Types of Geo-Experiments
Hold-out Tests
Reduce or Completely stop spending in test regions
Measures baseline contribution of channel
Best for validating channel incrementality
Compare Decrease in Spend to Decrease in Revenue
Scale-up Tests
Increase spending in test regions
Measures potential for growth
Best for testing saturation points
Compare increase in spend to increase in revenue
New Channel Tests
Test new channel in specific regions
Measures incremental impact of new activity
Best for validating expansion plans
Compare increase in spend to increase in revenue
Design Parameters
Duration: Typically 14-21 days minimum
Budget: Determined by the expected lift and ROI
Geography Selection: Algorithm selects regions to create comparable test/control groups
Expected Lift: Minimum detectable effect needed for statistical significance
Channel-Specific Considerations
When testing upper-funnel activities (e.g., Meta Awareness, YouTube), consider the delayed effect:
Example Scenario:
Test Duration: 3 weeks
Channel’s Known Lag Effect: 2 weeks
Analysis Approach:
First Analysis: At the end of 3-week test period
Final Analysis: At 5 weeks (3 weeks test + 2 weeks lag)

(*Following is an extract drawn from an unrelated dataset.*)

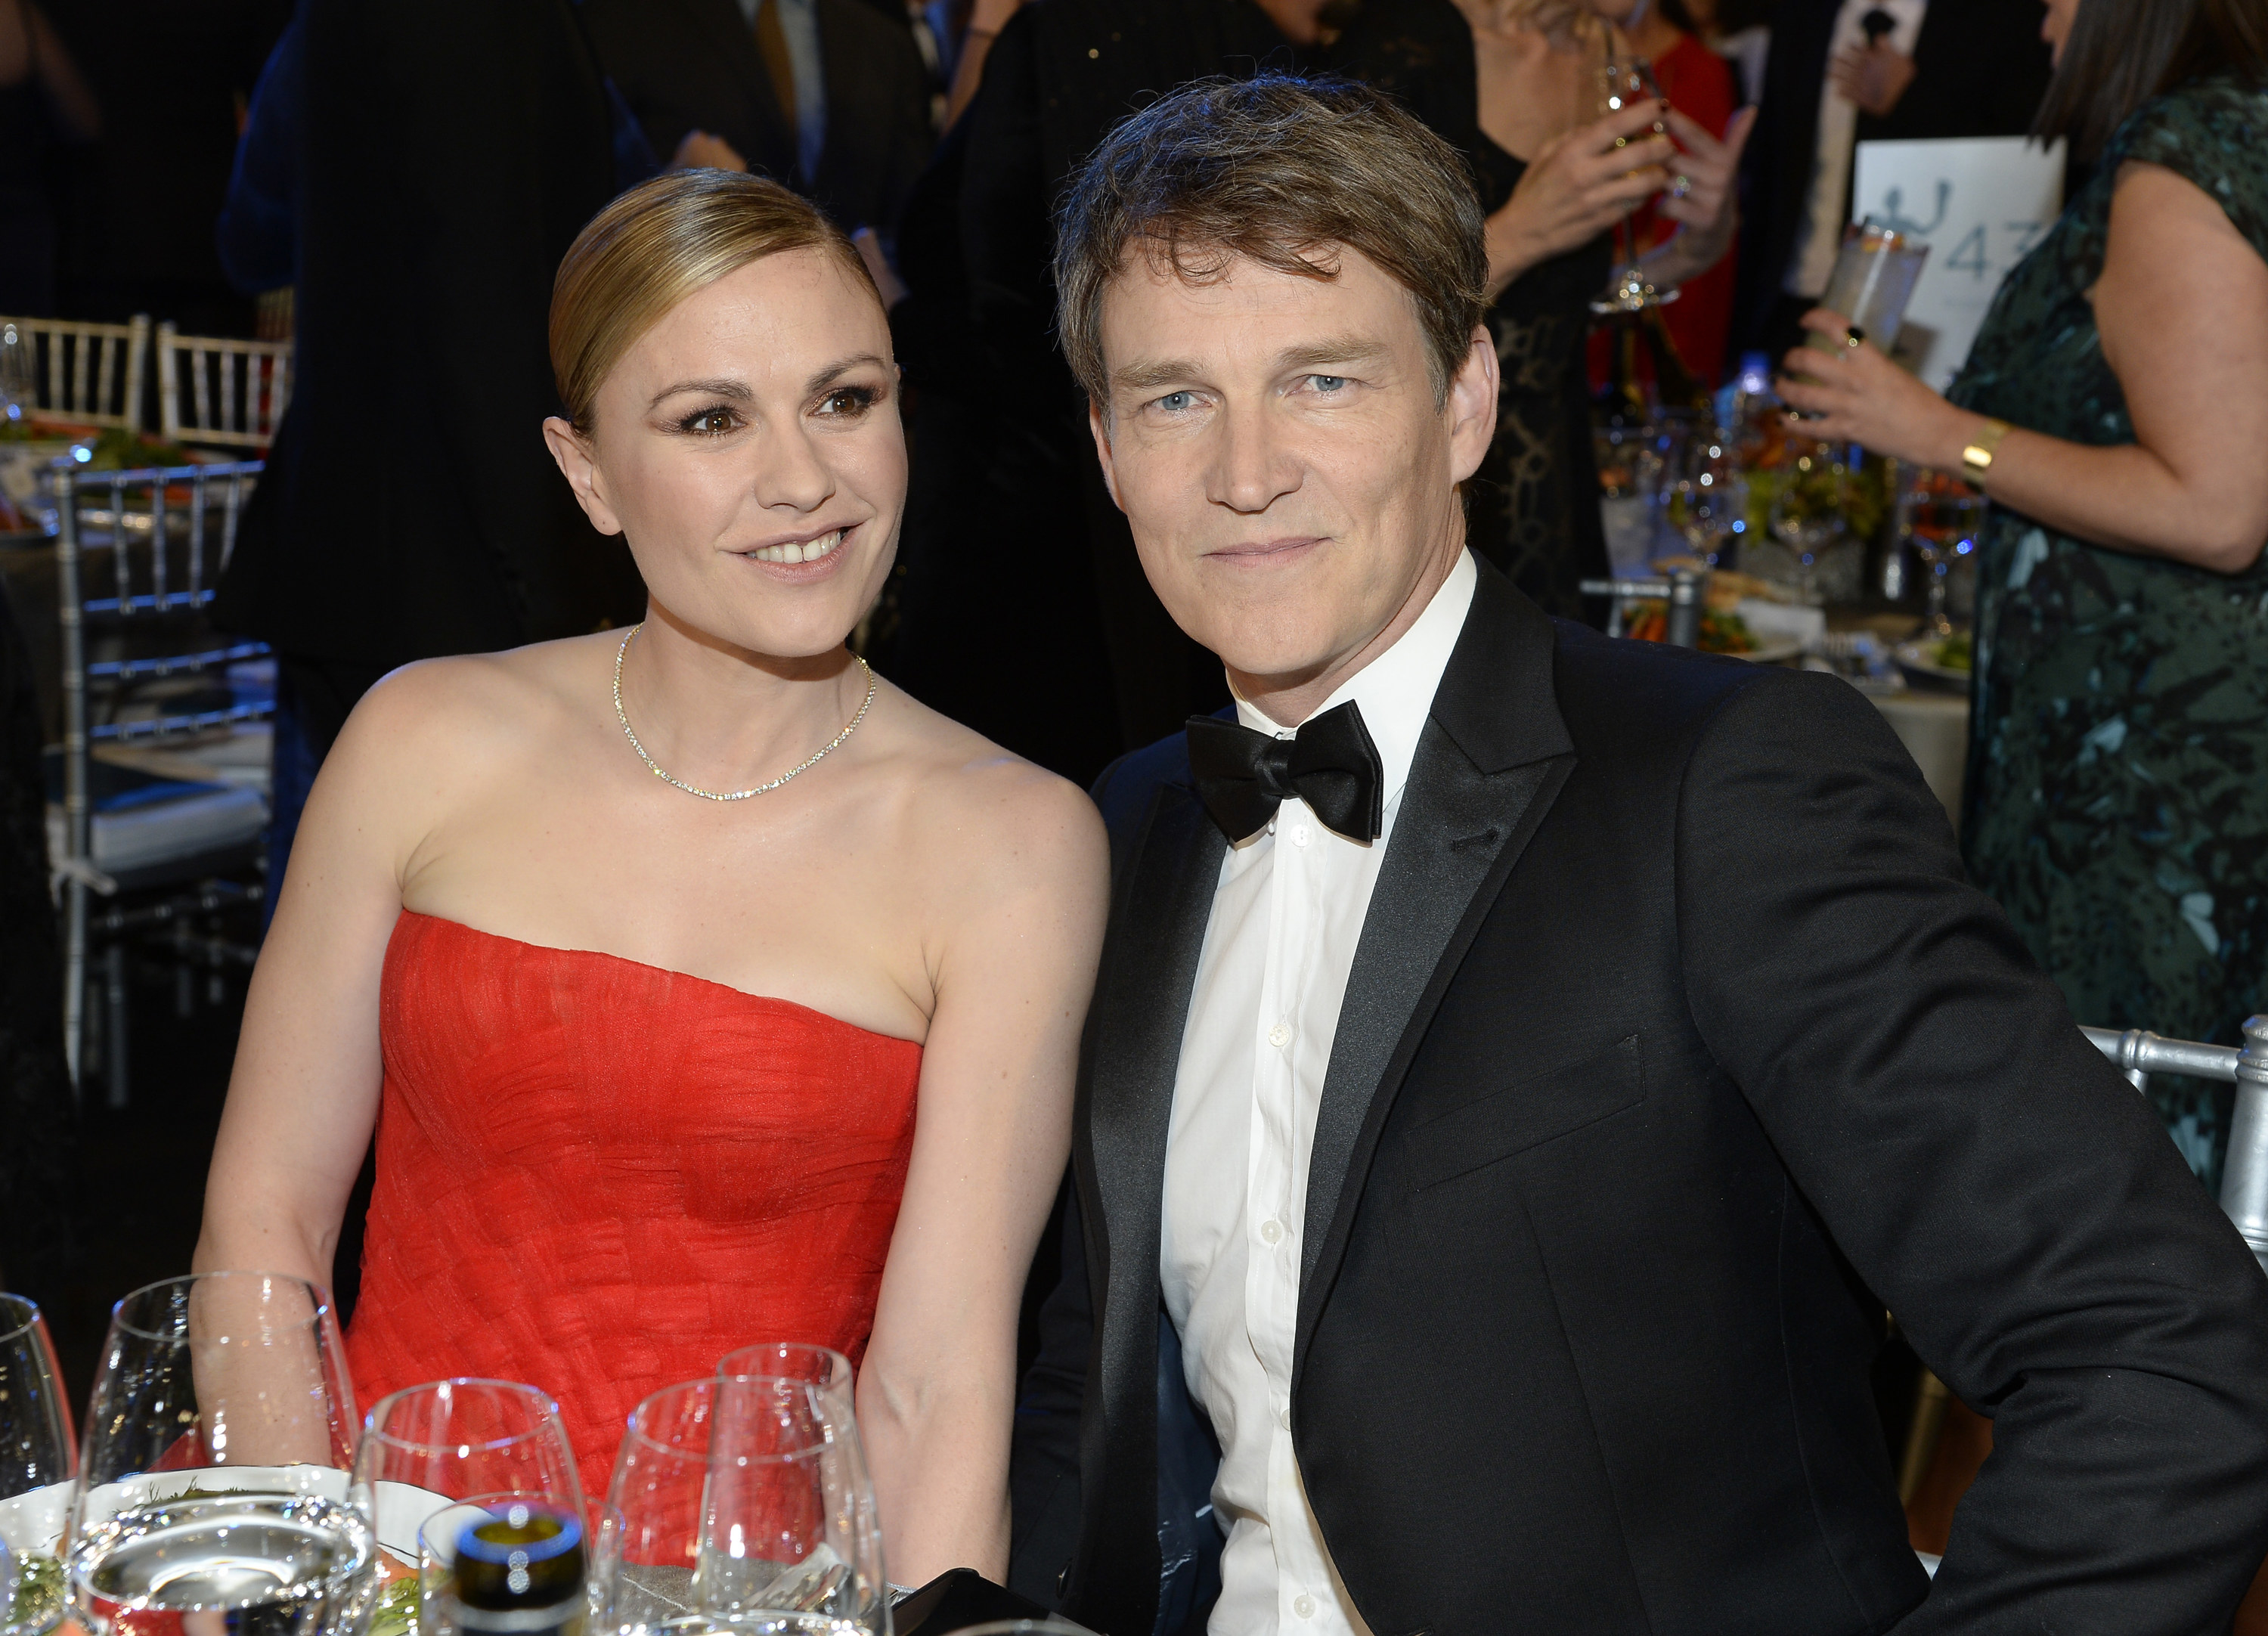 Anna Paquin and Stephen Moyer at the Screen Actors Guild Awards in 2020

This ensures we capture the full impact, including delayed conversions
This is particularly important for:
Brand awareness campaigns
Video advertising
Content marketing
Other upper-funnel activities with known lag effects
Understanding Expected Lift
The expected lift shown in the experiment design represents:
The minimum change needed to validate the input ROI assumption
NOT a prediction of actual results
A threshold for statistical significance
Calculated based on:
Input ROI/ROAS
Historical performance
Geographic variance
Test duration
Example:
If input ROAS = 10 Expected Lift = -5% This means: To validate a ROAS of 10, we need to see at least a 5% reduction in revenue when reducing spend. If we see less impact, it indicates the actual ROAS is lower than 10.
When designing the experiment, the initial estimate we input for iROAS or CPIC sets the lower bound of what we expect to detect. For example, if we input an iROAS of 10 and the experiment requires a minimum detectable lift of $10,000 to be statistically significant, the required investment would be $1,000. This $1,000 would theoretically return 10× its value, providing the minimum detectable lift needed. However, if we overestimated the iROAS and the actual value is only 2, our spend wouldn't generate enough lift to reach the detection threshold, causing the experiment to fail.